Granted Scorsese may continue to direct movies until he’s 89, like Clint Eastwood, and the others may follow Eastwood’s long leading man career. But time is running out. Everyone seems to be looking backward — in a good way. Where does it all lead and what did it all mean?

For the mobsters, their violent lives appear to have led to fractured families, lives lived under the skitter of paranoia and the extreme narcissism that both feeds and flows from power.

Hoffa may have stood at the pinnacle of one of the most powerful unions in 20th Century America, one that won middle-class lifestyles for working-class families. But he is driven by obsessions. After being pardoned by President Richard Nixon, Hoffa is obsessed with returning to Teamster power. If absolute power corrupts absolutely, it also puts seemingly trivial fixations — ice cream sundaes, wearing suits to meetings, extreme punctuality — on par the union control. Not getting one or the other equally drives Hoffa to fury.

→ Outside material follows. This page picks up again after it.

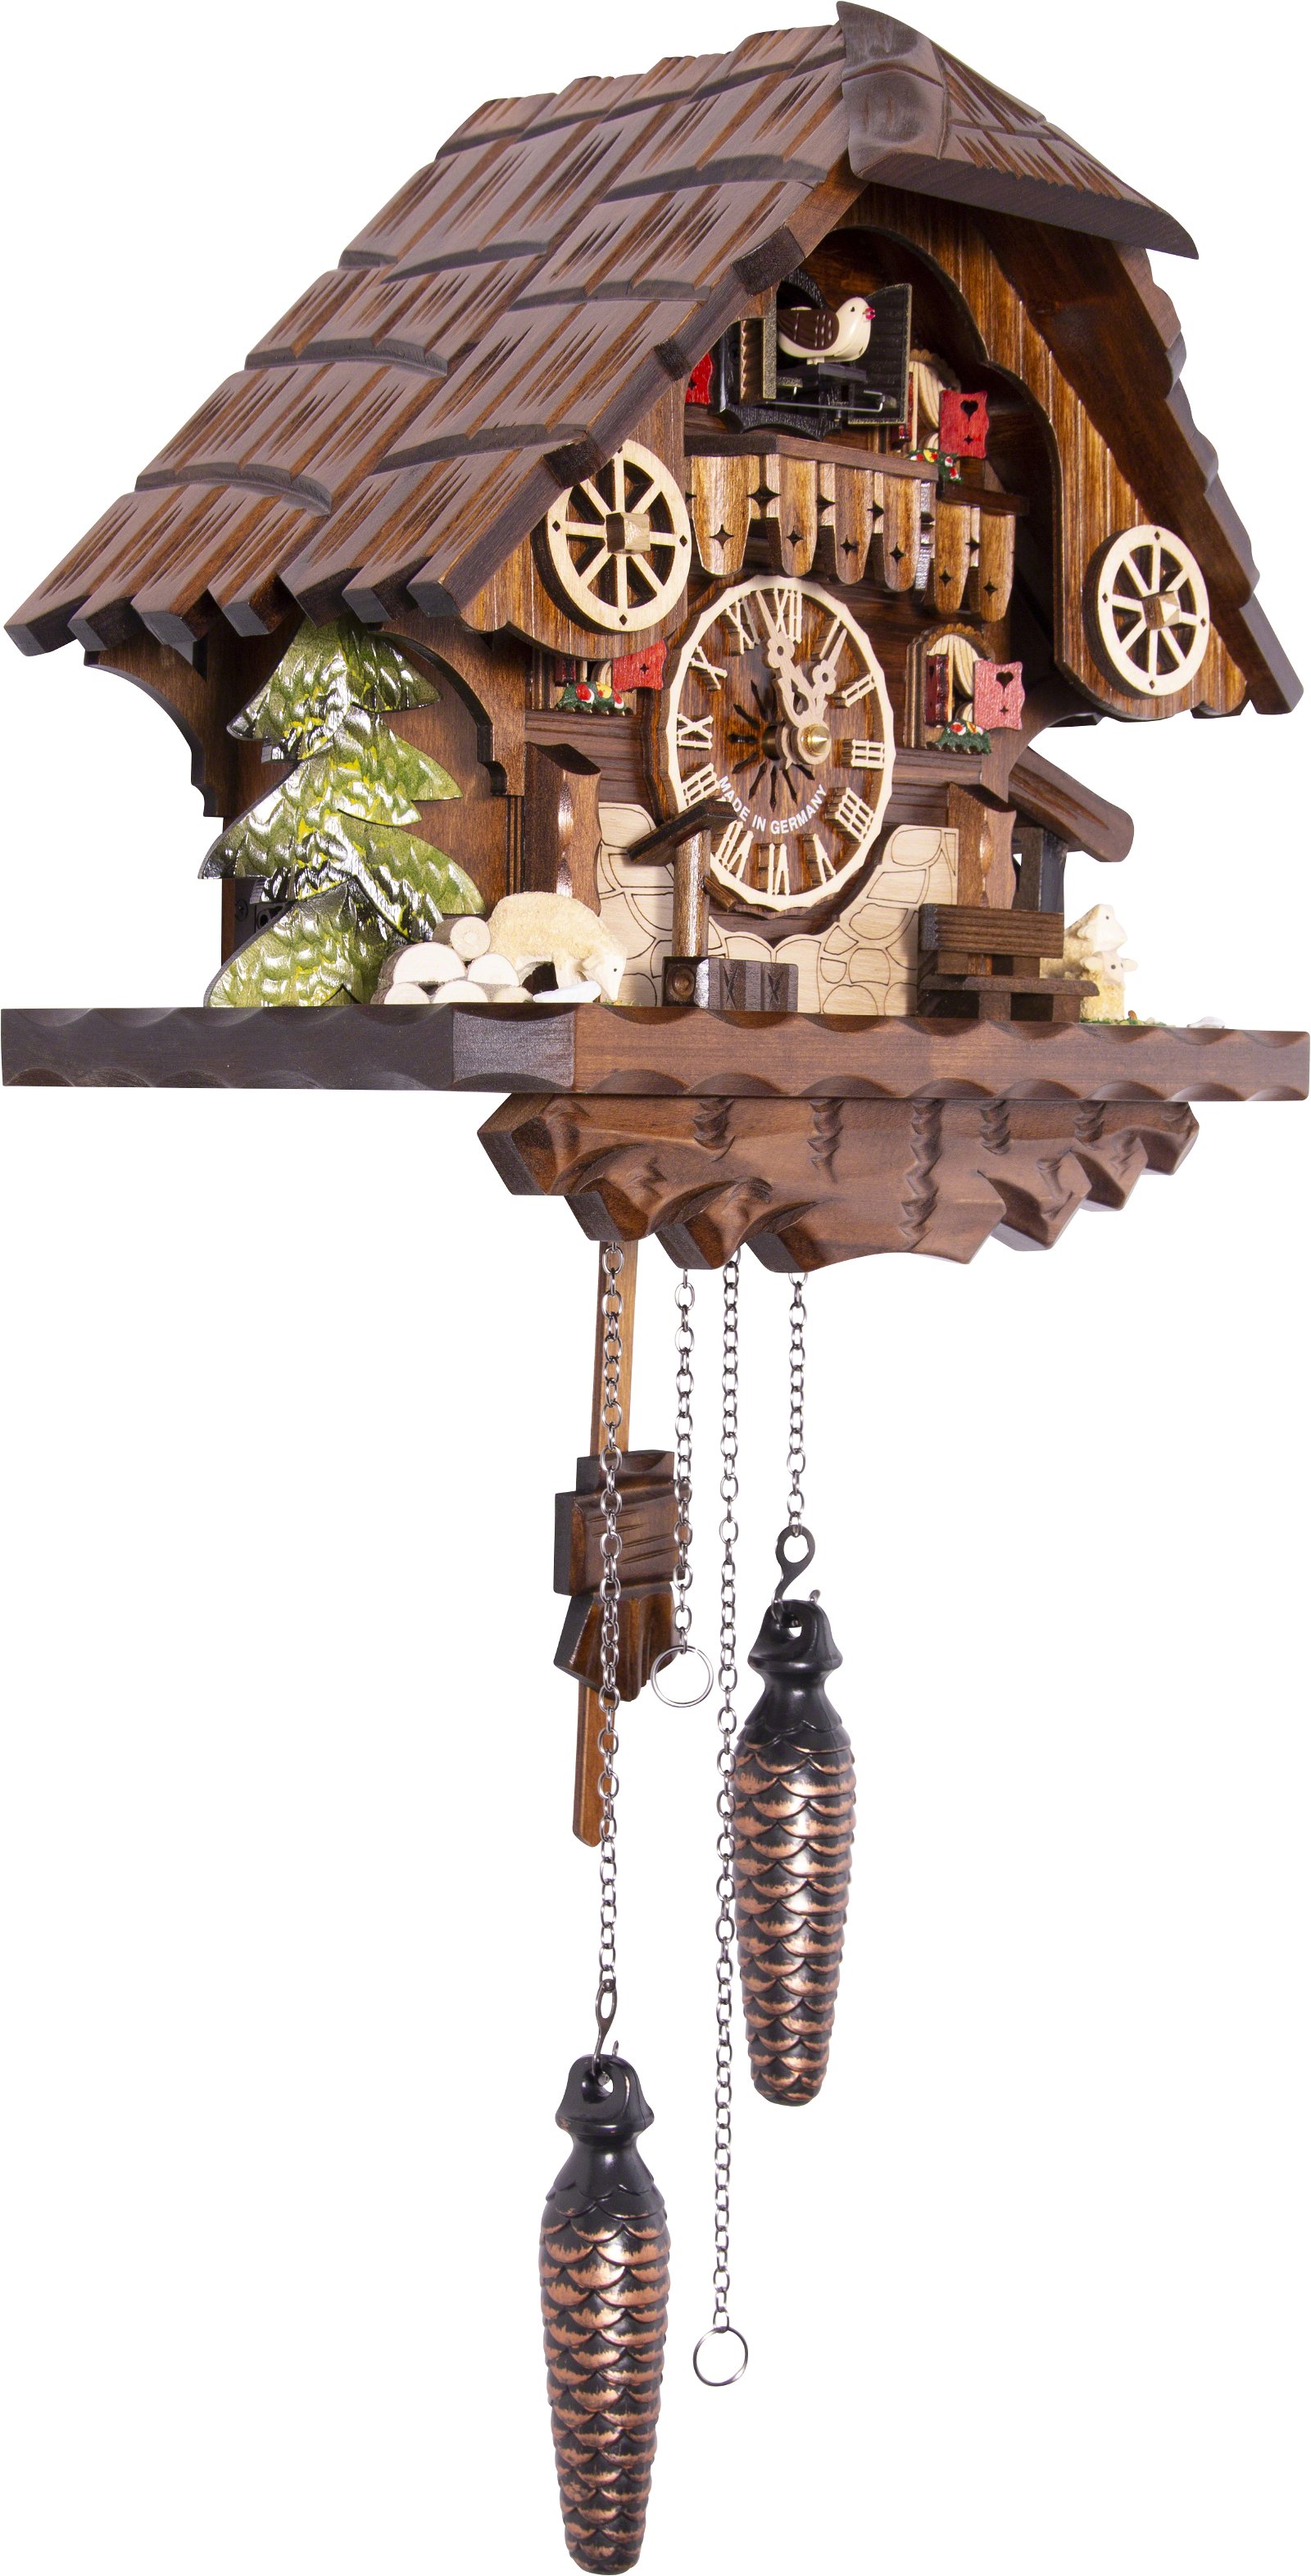 Kuckucksuhr Quarz-Uhrwerk Chalet-Stil 28cm von Engstler

The world Scorsese portrays is a world you don’t want. There are stacks of money to be had, but what can you buy with them? Italian food in restaurants so dark that you could mistakenly eat your napkin? Giant Lincoln Continentals that get 14 miles to the gallon and belch exhaust? Chain-smoking wives who don’t respect you? Kids who won’t come to you with a problem for fear of what your solution will be?

The story shifts back and forth in time. Scorsese employs digital de-aging techniques that make it seem like we’re watching DeNiro and his associates in a film shot in 1990: It’s fantastic, if a little unnerving.

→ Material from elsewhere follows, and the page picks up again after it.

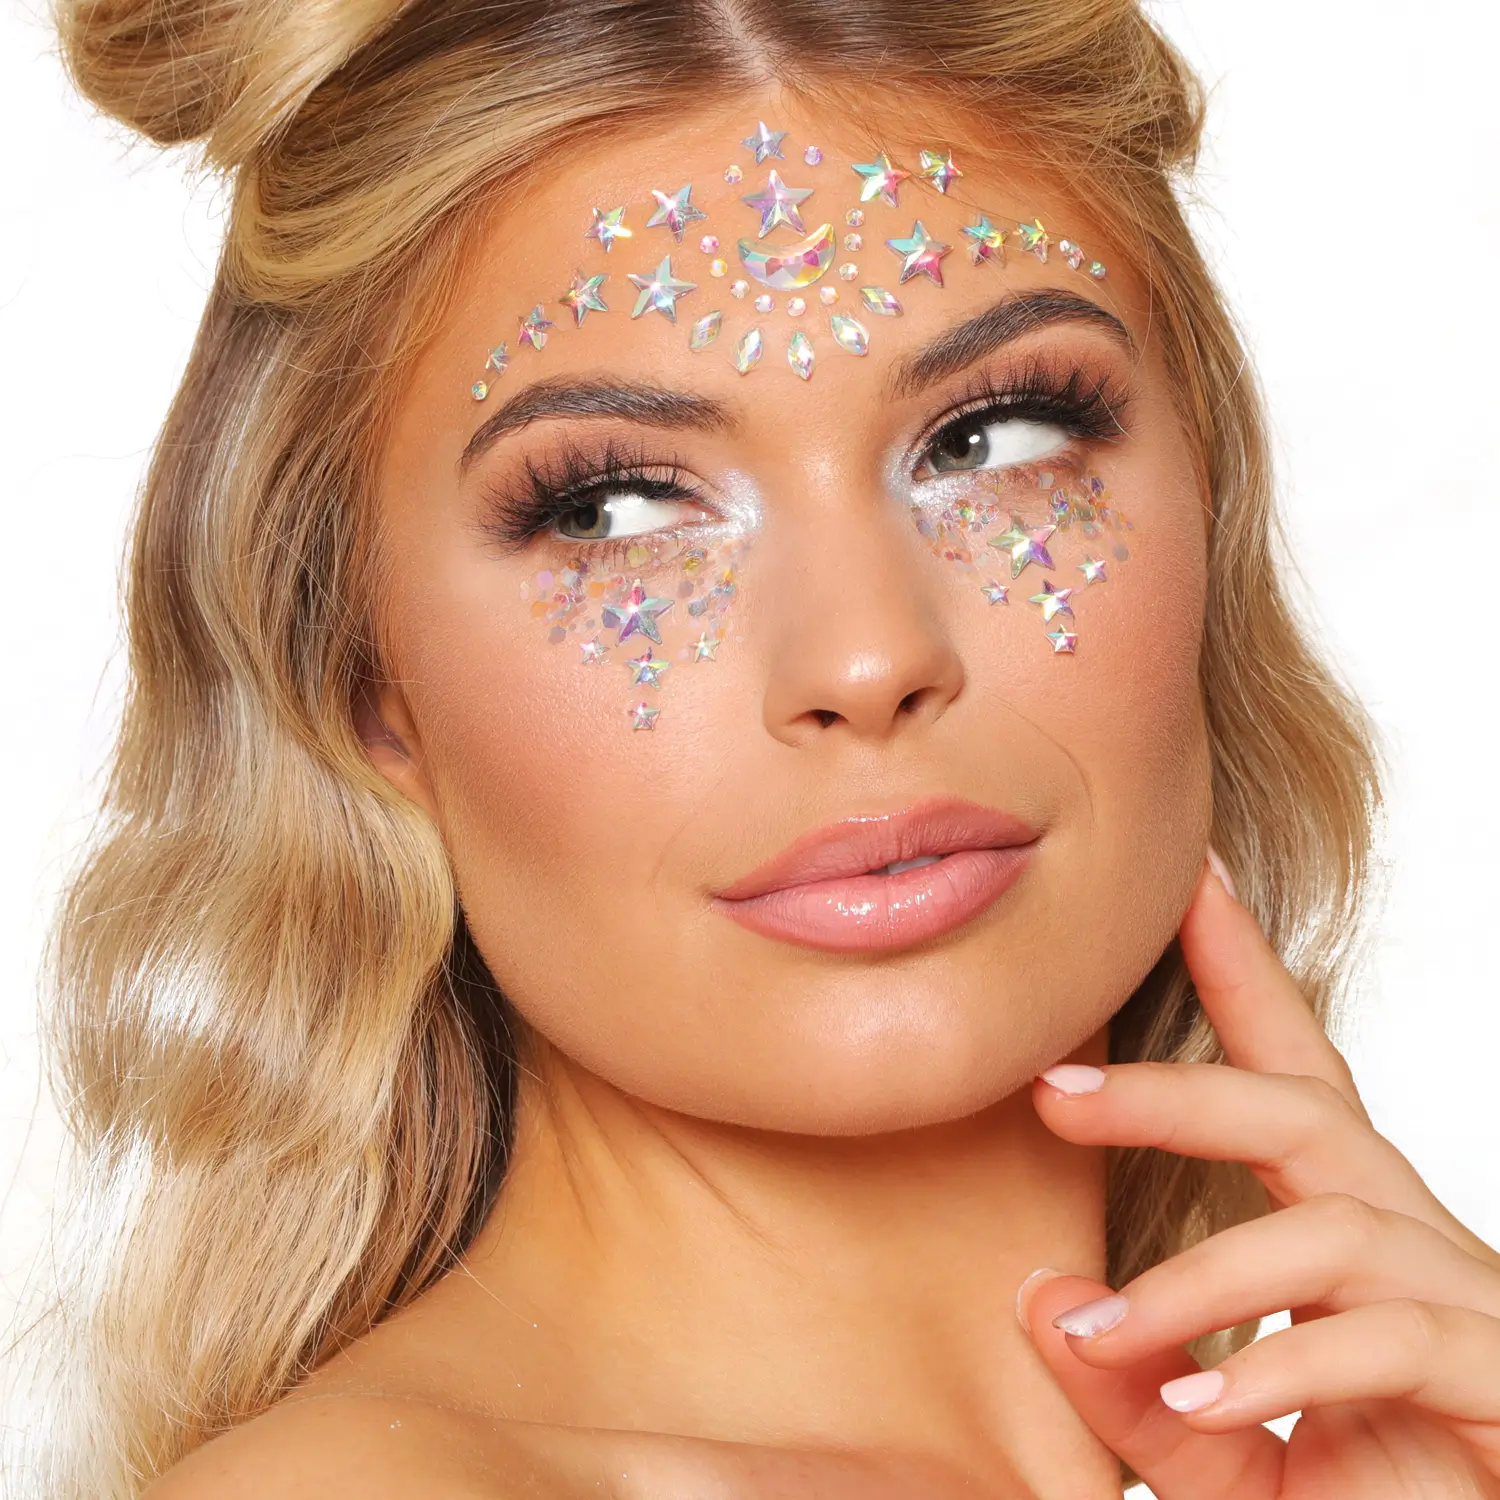 Princess makeup kit | Halloween Costume| Face gems | Face glitter gel

There are a number of terrific scenes —  dozen yellow cabs bob in the black water as union toughs push one after the other of the non-union taxis into a nighttime river — and plenty of grim humor.

Reflecting on loyalty and paranoia, Frank observes: “Normally three people can’t keep a secret unless two them are dead.”

The movie offers a Mafia history of politics in the early 1960s. Kennedy’s invasion of Cuba is undertaken as a favor to the mob, which arranged his electoral victory in Chicago, allowing him narrowly to beat Nixon; the mob, of course, wants its casinos back from Castro.

The glitziness of some of Scorsese’s earlier Mafia movies is missing here. The continuous tracking shot in “Goodfellas” that allows viewers to follow Ray Liotta and Lorraine Bracco from the street through back corridors and the kitchen and into the hyper-swank Copacabana here is replaced by a long tracking shot into a drab Catholic nursing home where we find DeNiro, wrinkled and wheelchair-bound, who will tell his story of Hoffa. The movie will end in the same nursing home.

In between, we see mobsters who start out with big families and circles of friends and American dreams. As their mob involvement deepens, they betray their families, kill their friends and corrupt their dreams. They’re left with nothing.

Everyone fears Sheeran, even his daughters. Daughter Peggy, played by Lucy Gallina as a child and then Anna Paquin, hates Pesci’s character Russell, spurning his presents and barely uttering a word to him. In a twist that’s hard to grasp, the girl loves Hoffa. When Hoffa disappears, Peggy seems to intuit her father’s role in the event.

“She stopped talking to me after that,” Sheeran laments.

In a Scorsese movie, no one stops talking until it’s too late.